Se mentre guardate un film amate infastidire i vostri amici spiegando citazioni che solo voi sapete cogliere, la nuova commedia di Rémi Besançon fa al caso vostro. Il delitto del 3º piano (trailer) omaggia esplicitamente il cinema hitchcockiano con una una trama che ripercorre in maniera ironica La finestra sul cortile, capolavoro del 1954 del regista britannico. A questo si aggiungono citazioni tratte dai maestri del giallo come Agatha Christie e Conan Doyle, il tutto condito con l’inconfondibile humor francese, fatto di cinismo e disincanto.
Colette (Laetitia Casta) e François (Gilles Lellouche) sono una coppia in crisi, lei professoressa di cinema alla Sorbonne con una smodata passione per Hitchcock, lui un mediocre scrittore di gialli ambientati in epoca vittoriana. Il loro tranquillo appartamento parigino diventerà teatro di una rocambolesca detection all’arrivo di Yann (Guillaume Gallienne), il nuovo, tenebroso vicino, un attore impegnato in una rivisitazione di Amleto. Colette si convince che Yann abbia ucciso sua moglie sordomuta dopo aver assistito dalla finestra ad una lite tra i coniugi. Inizialmente il pragmatico e pigro François tenta di farle capire che le sue sono paranoie indotte dalla visione di troppi film ma, quando la ricerca di indizi sembra l’unica cosa capace di riavvicinarli, si fa coinvolgere in un’avventura in cui il confine tra realtà e immaginazione rimane sottile. Alle vicende della coppia, infatti, si alternano scene dei loro alter ego, protagonisti dei romanzi di François: un investigatore e la sua assistente, legati da una crescente tensione sessuale che lo scrittore non riesce ad esprimere.
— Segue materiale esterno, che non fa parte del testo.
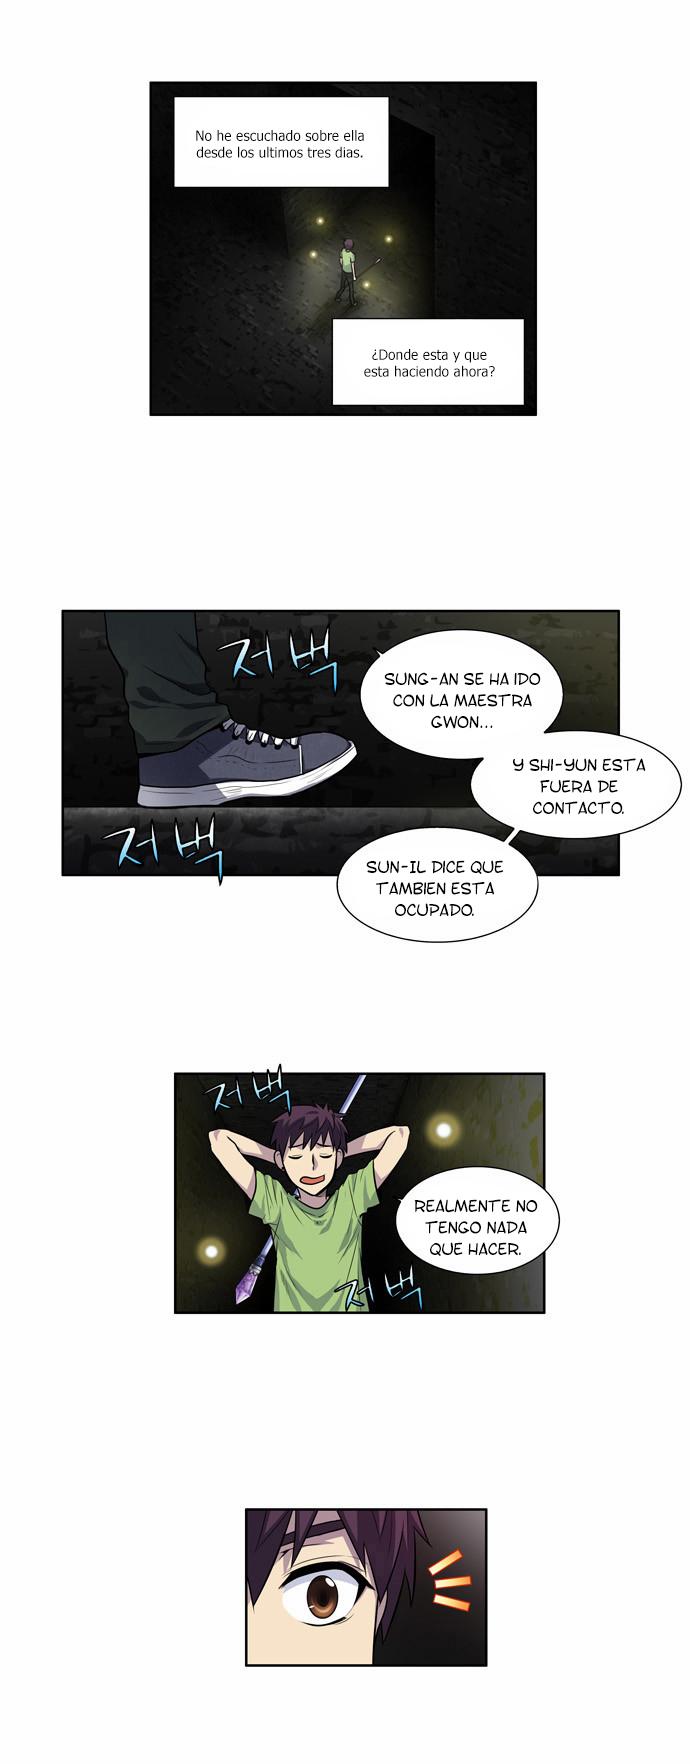 http://c5.ninemanga.com/es_manga/61/1725/420034/5c22590152f4f53f3c05cf7cc6aa0b6b.jpg Page 8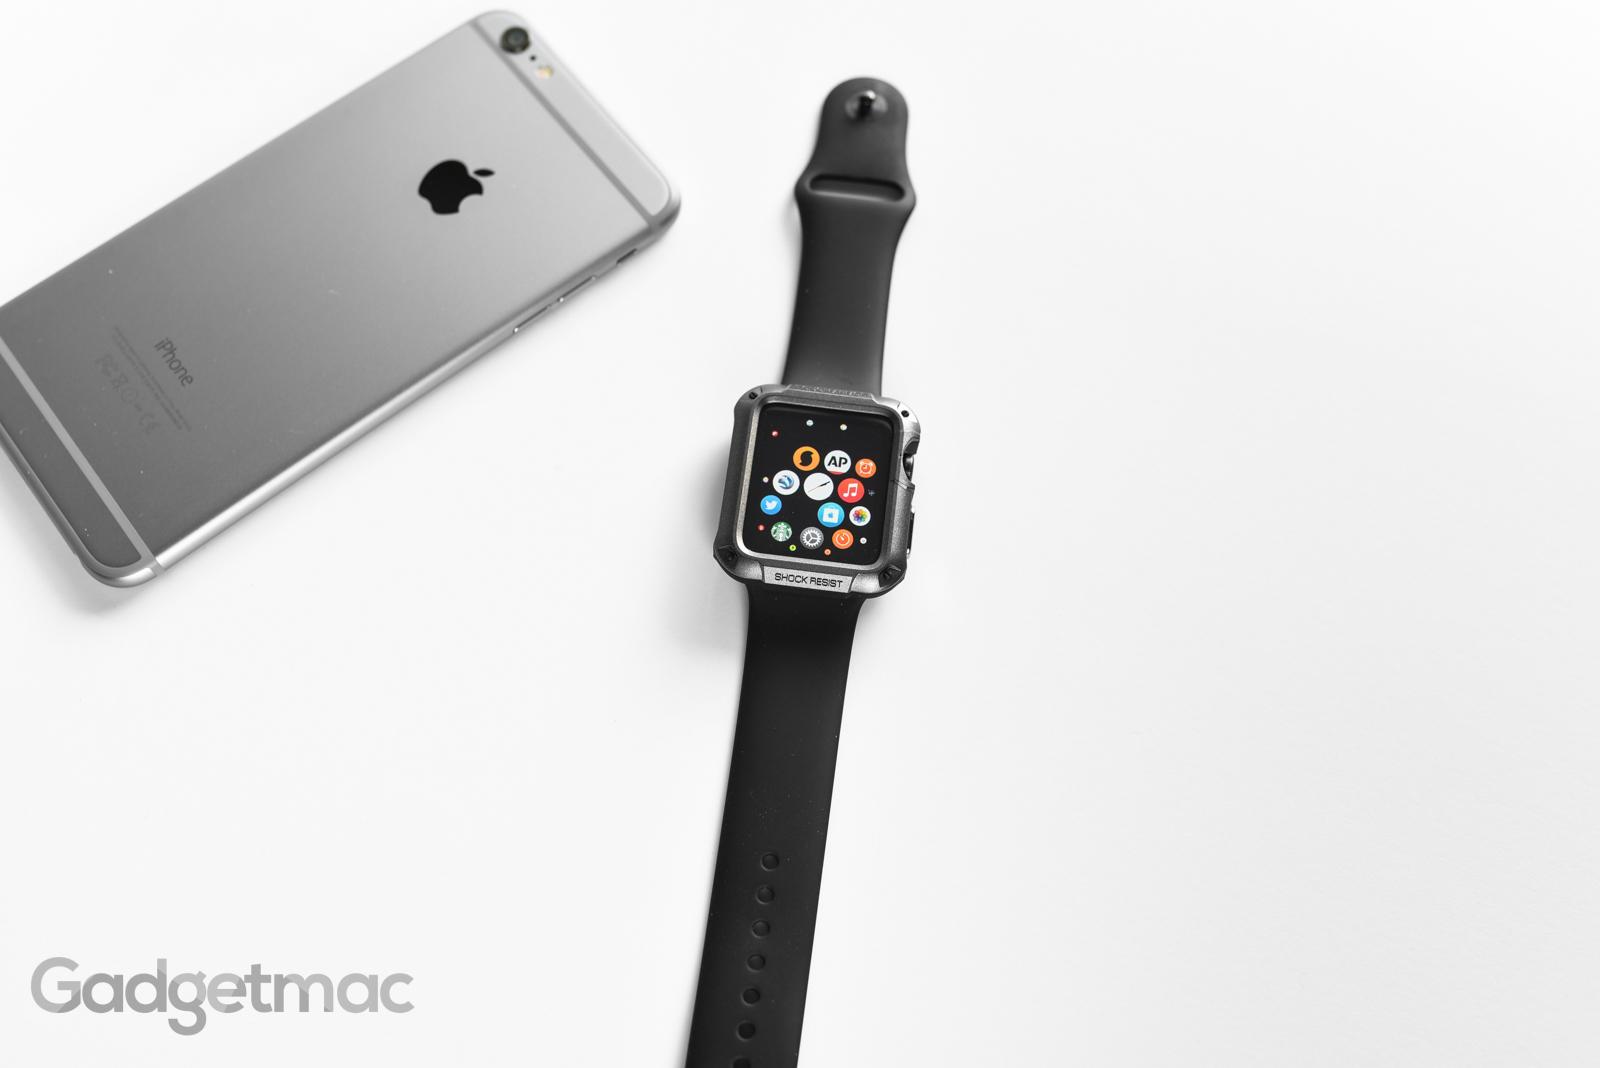 spigen-tough-armor-case-for-apple-watch-2.jpg

La trama passa in secondo piano in un film in cui spiccano le esplicite citazioni del maestro del brivido. Possiamo ricordare l’inquadratura dal basso del getto della doccia, identica a quella di Psycho, o la pettinatura di Colette, ispirata a quella di Kim Novak in Vertigo. Hitchcock entra letteralmente nella storia quando lo schermo diventa bianco e nero e Colette, fantasticando, prende il posto di Truffaut nell’intervista in cui il regista britannico dà istruzioni sulla creazione della suspense. Nel mentre, in montaggio alternato, giungiamo all’apice della tensione nella detection, quasi fosse Hitchcock stesso a costruire la scena con la sua voce. Persino le grafiche dei titoli di testa del film di Bezançon riprendono quelle di Psycho e, inutile dirlo, la colonna sonora ricorda molto Bernard Herrmann.
L’atmosfera da thriller viene, però, smorzata dal sottofondo di comicità concentrato in alcune scene rese particolarmente esilaranti dalla goffaggine di François nel suo ruolo di detective improvvisato. È un peccato che alcuni elementi della trama risultino un po’ forzati, ad esempio i vicini commercianti assurdi gadget da 007 e lo stesso finale, decisamente poco verosimile.
Ad ogni modo, Il delitto del 3º piano è una buona scelta per i cinefili che vogliono passare una serata leggera e ripercorrere l’opera di uno dei maestri più apprezzati del secolo scorso.
In sala.


Sembra una recensione interessante, mi piace molto l’idea di Hitchcock incontrando la comicità francese!